Что я обнаружил, когда пришли мои сверстники? То, что за два года я практически не подрос и отстал от своих сверстников почти на целую голову. Это был итог моего путешествия в Германию.
Взрослые говорили, что будет трудно с продуктами, так как урожай плохой. В колхозе не осталось никакой тягловой силы, кроме женщин. К осени приобрели шесть коров и три лошади, но еще не заготовили для них достаточно корма. До войны у нас в колхозе было около 60 лошадей, более сотни коров, свиноферма, овцеферма, птицеферма, пасека, сад. Не считая, что еще во дворе в каждой семье были корова и подтелок, пара свиней, пяток овец, несчитано кур. Картошку, зерно просто высыпали у дома — и забирай, что тебе причитается.
Теперь все нужно было начинать не просто сначала, а из немыслимого ничего, из преисподней. Это был для нас страшный итог войны. Но жизнь брала свое. Люди собирались, постепенно обустраивались, обживались, помогая друг другу, как это всегда было на Руси. Перезимовали и мы у дяди в соседней деревне. За зиму из лесу на себе вывезли для сруба лес. Весной поставили сруб, и жизнь начала возвращаться. На крапиве, лебеде и картошке я догнал сверстников в росте, пошел в школу. И жизнь вновь закружилась.
Но не было уже той силы в нашем колхозе. Почти каждый дом потерял мужчину. Молодые девчата уехали в город на заводы и стройки. Подрастающие ребята шли в школы ФЗО, училища, институты. Страна поднималась и строилась. Начала поступать в село техника, и жизнь на селе вновь начала оживать. Мы, бывшие узники фашистских лагерей, окрепли и стали тоже активными участниками восстановления страны.
Не заметили, как подкралась и старость. У нас выросли дети и внуки, и стали мы готовиться к спокойной и радостной старости. Ан нет. Вновь по нам нанесен удар. Нас вновь лишили покоя. Если в ту войну у нас отобрали счастливое детство, то в эту — спокойную старость.
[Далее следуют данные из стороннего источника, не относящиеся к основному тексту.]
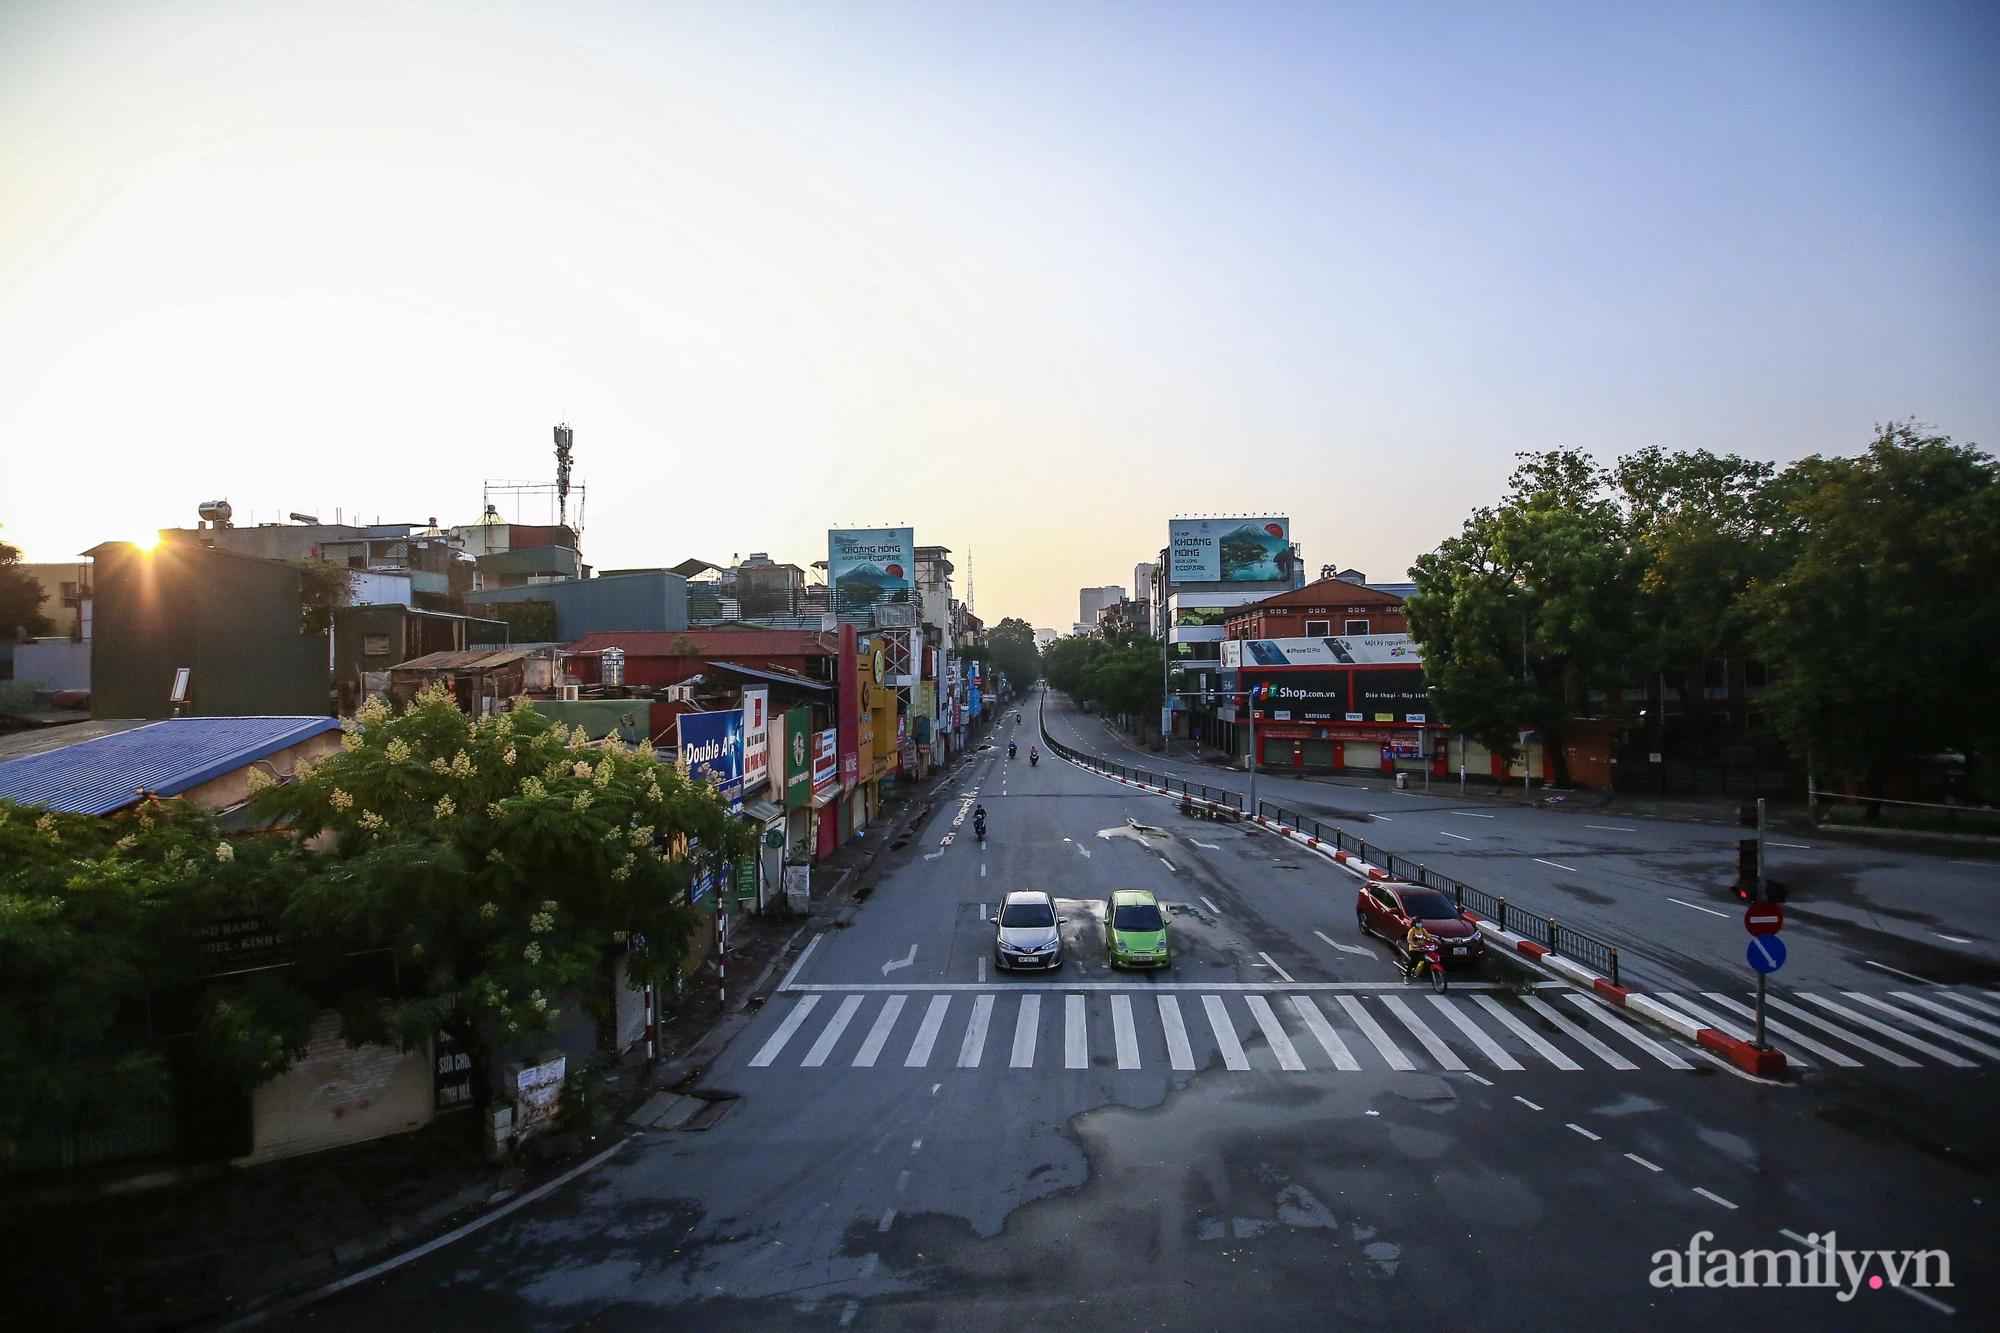 Buổi sáng đầu tiên cách ly toàn xã hội, đường phố Hà Nội vắng vẻ, người dân chỉ tập trung đông tại một số khu chợ để mua đồ ăn uống, sinh hoạt cho những ngày sắp tới - Ảnh 1.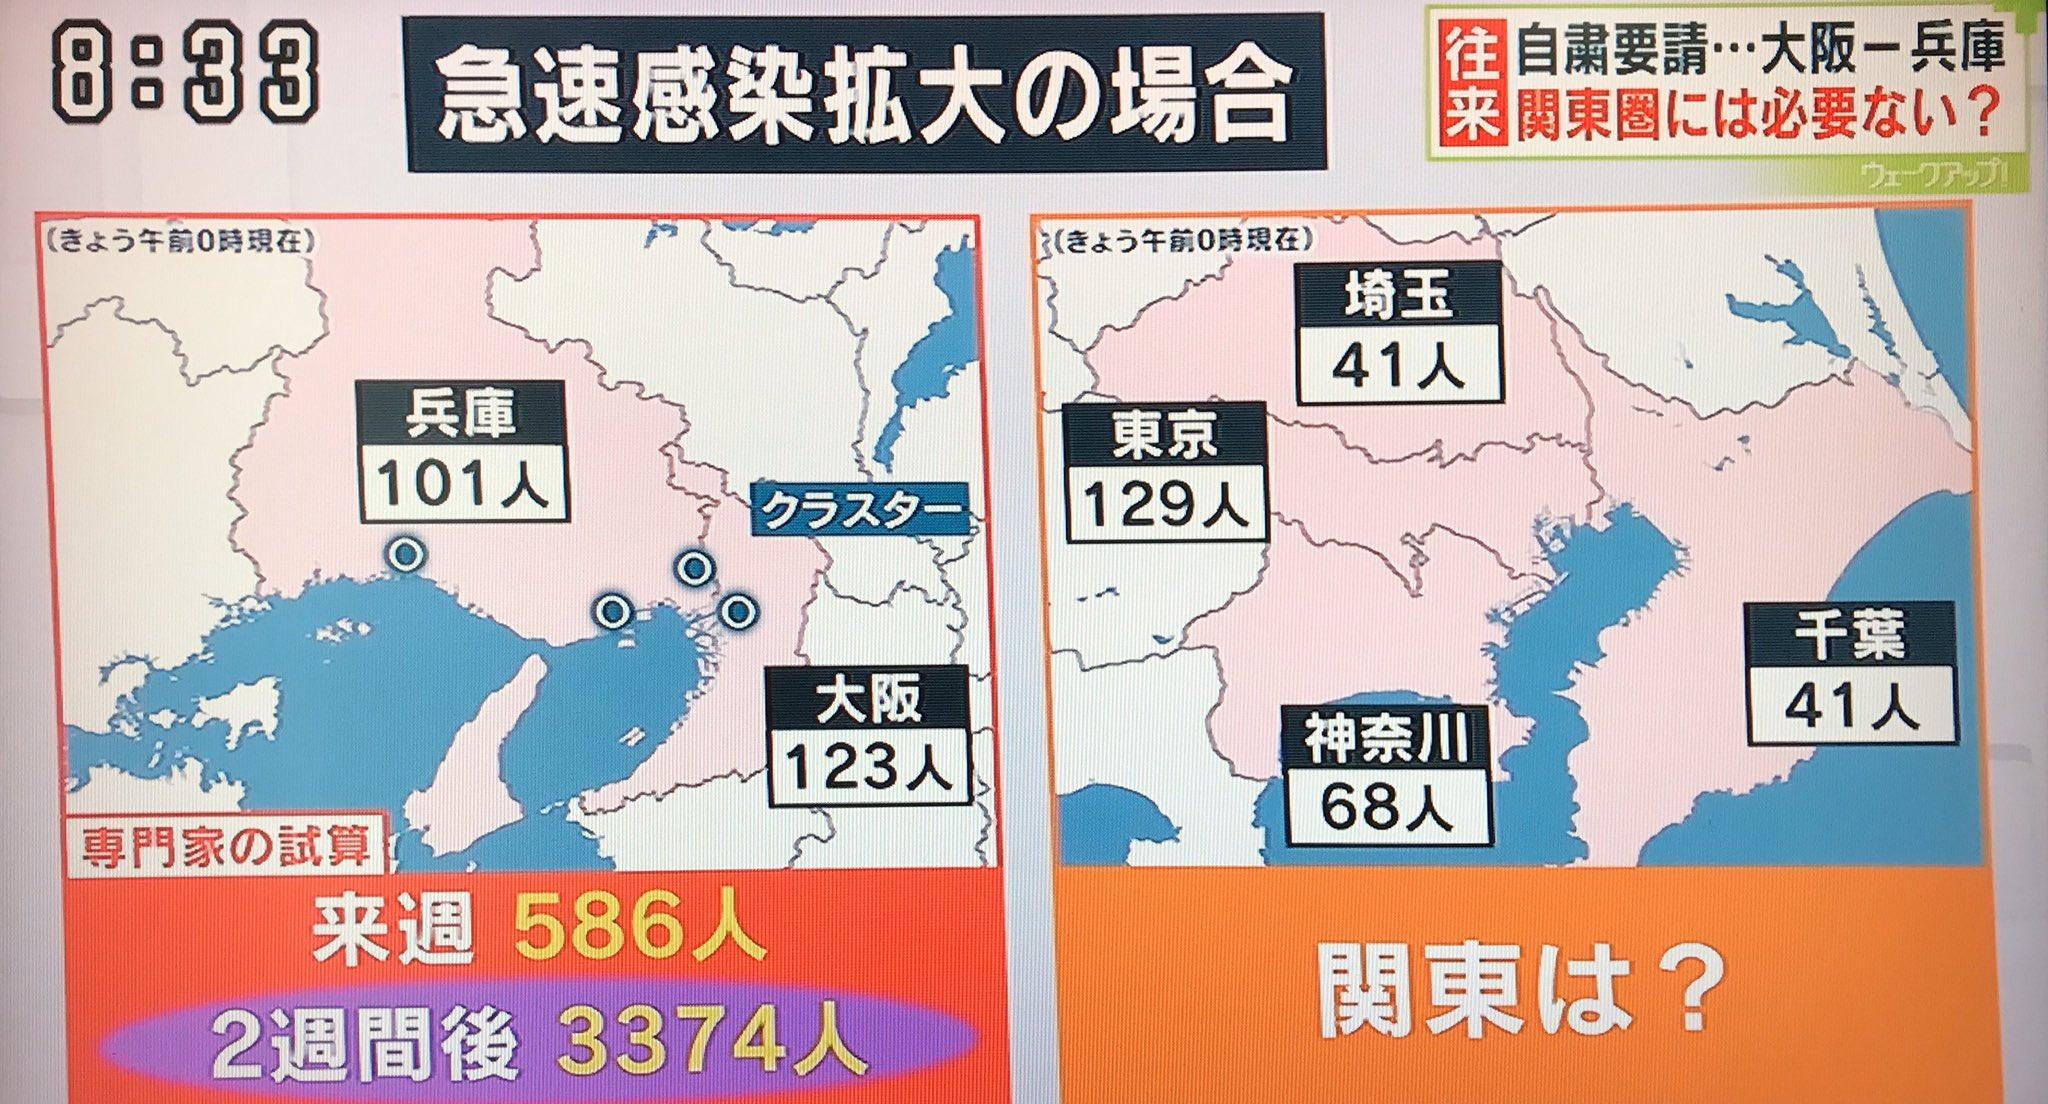 【悲報】厚労省さん「大阪と兵庫のコロナ患者数は40倍に急増するゾ」

Мой дед родился еще крепостным. Мать в детстве топила печь без трубы. О школе и не шло речи. Только при Советской власти мы стали людьми и смогли жить по-человечески.
Трудная судьба
Внученкова (Романова) Евдокия Дмитриевна
1928 г.р., ур. д. Акимовка Жиздринского р-на Калужской обл., проживает на ст. Зикеево Жиздринского р-на
Детство мое трудное. Нас было мать, отец и пятеро нас, детей. Жили очень бедно.
Отец работал в Людинове. Мать заболела — и отцу мы не нужны стали. Мне в школу ходить было не в чем, так я и осталась малограмотная. Окончила три класса, и тут нагрянула война.
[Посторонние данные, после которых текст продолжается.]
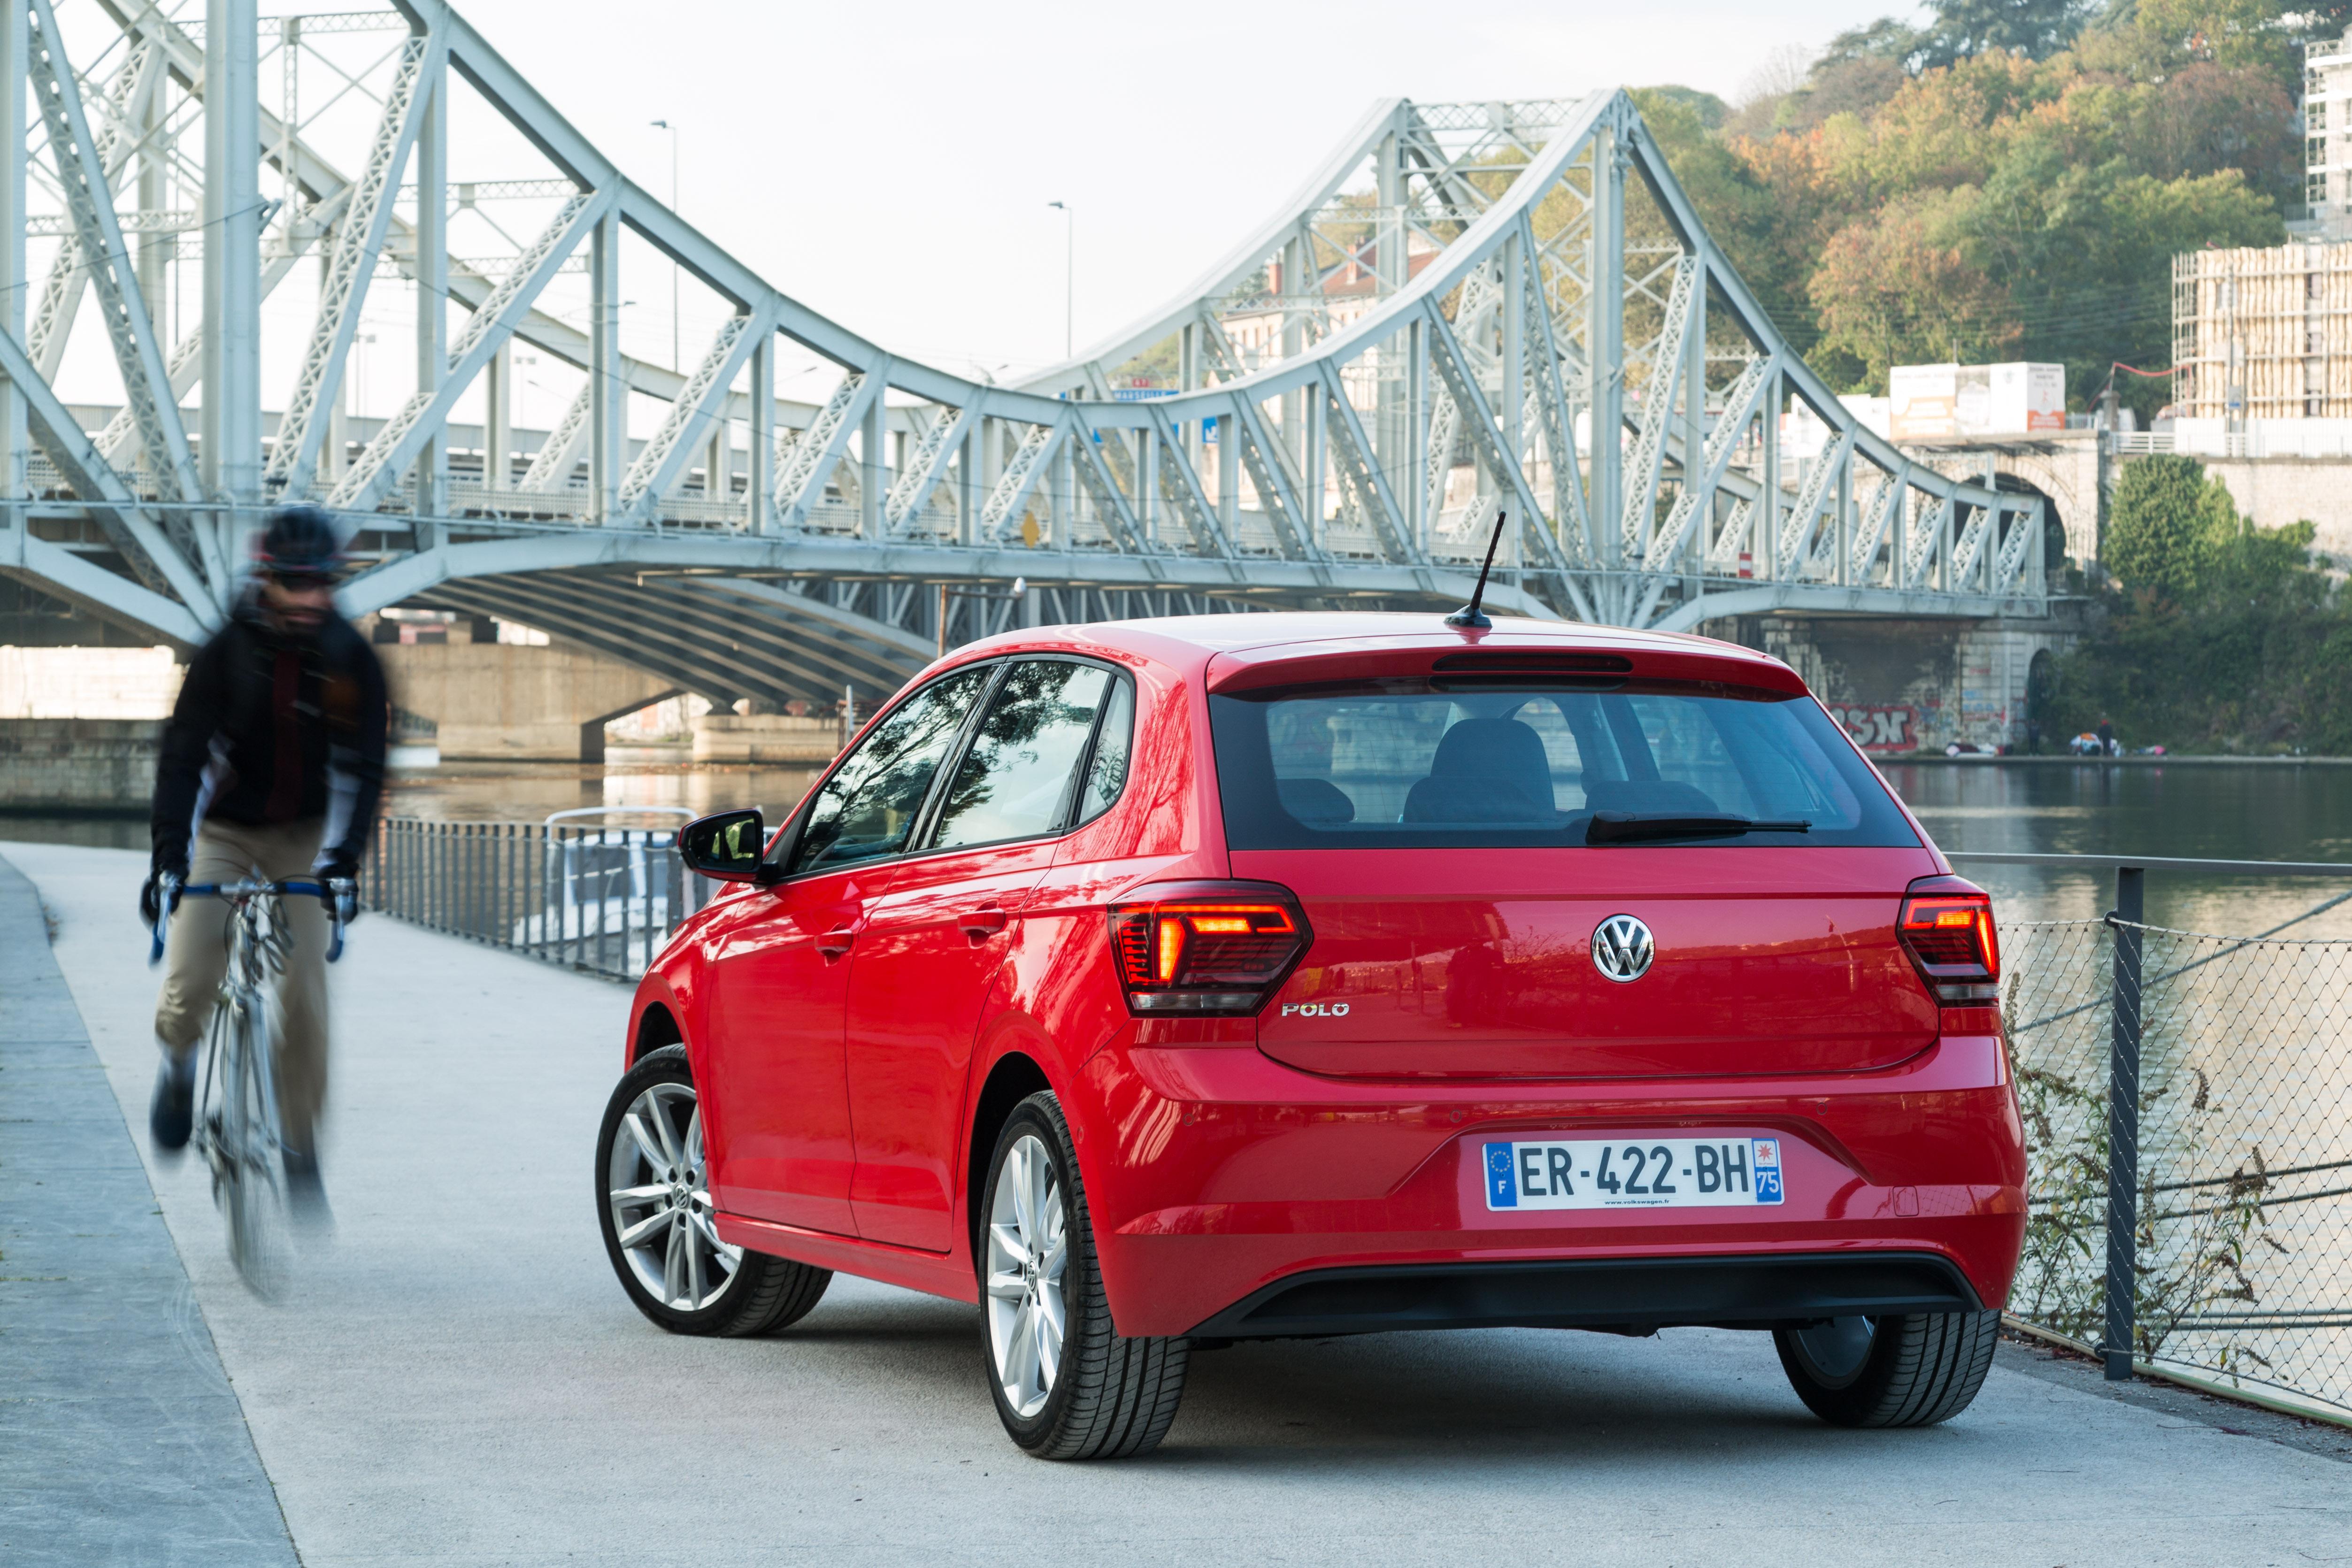 La Volkswagen Polo GTI R5 — Bientôt en ERC

Забрали брата 1922 года рождения на фронт. Две сестры замужем. Остались брат, я и мама. В 1941 г. в ноябре пришли к нам немцы. Мама только что спекла хлеб — круглые ковриги. Немцы вытащили ножи, стали резать и приговаривали: «Матка, гут брот», и требовали «яйки».
На второй день снова пришли немцы и стали ловить кур. Я побежала из дому. Они погнались за мной и кричали: «Панинка, пук-пук», мол, будем стрелять.
Но тут стали бомбить по немцам. Мы хоронились в бункерах.
Сами рыли землянки и бревнами настилали в два наката. Сидели по три семьи. Горячей пищи по трое суток не ели. Кругом летели снаряды и сыпались бомбы.
Мы находились в одной и той же одежде: раздеваться нельзя было и помыться негде было целый год.
Тут стали наши наступать. В одной из хат нас было три семьи. А по соседству немцы сидели на чердаке с пулеметами в сторону наших.
6 марта в 6 часов утра наши засекли пулеметную точку и начали бить из «катюши». И попал снаряд, где было нас три семьи. Мама грелась на русской печке, где ее и убило. Все убежали, а я осталась и кричала: «Мама, мама!» Но мама была уже мертва, а я задыхалась от дыма. Но я не помню, как оказалась в бомбоубежище, где и потеряла сознание.
На второй день на этом пожарище стали искать косточки мамины. Полетели снаряды, и мы с сестрой побежали на поселок. В лесочке был поселочек, там было бомбоубежище, где находились сестрины дети (четверо детей) и старушечка-свекровья. Когда бежали (мы бежали лугом), по нам полетели снаряды, видимо, подумали, что это разведчики. Но мы остались живы просто чудом.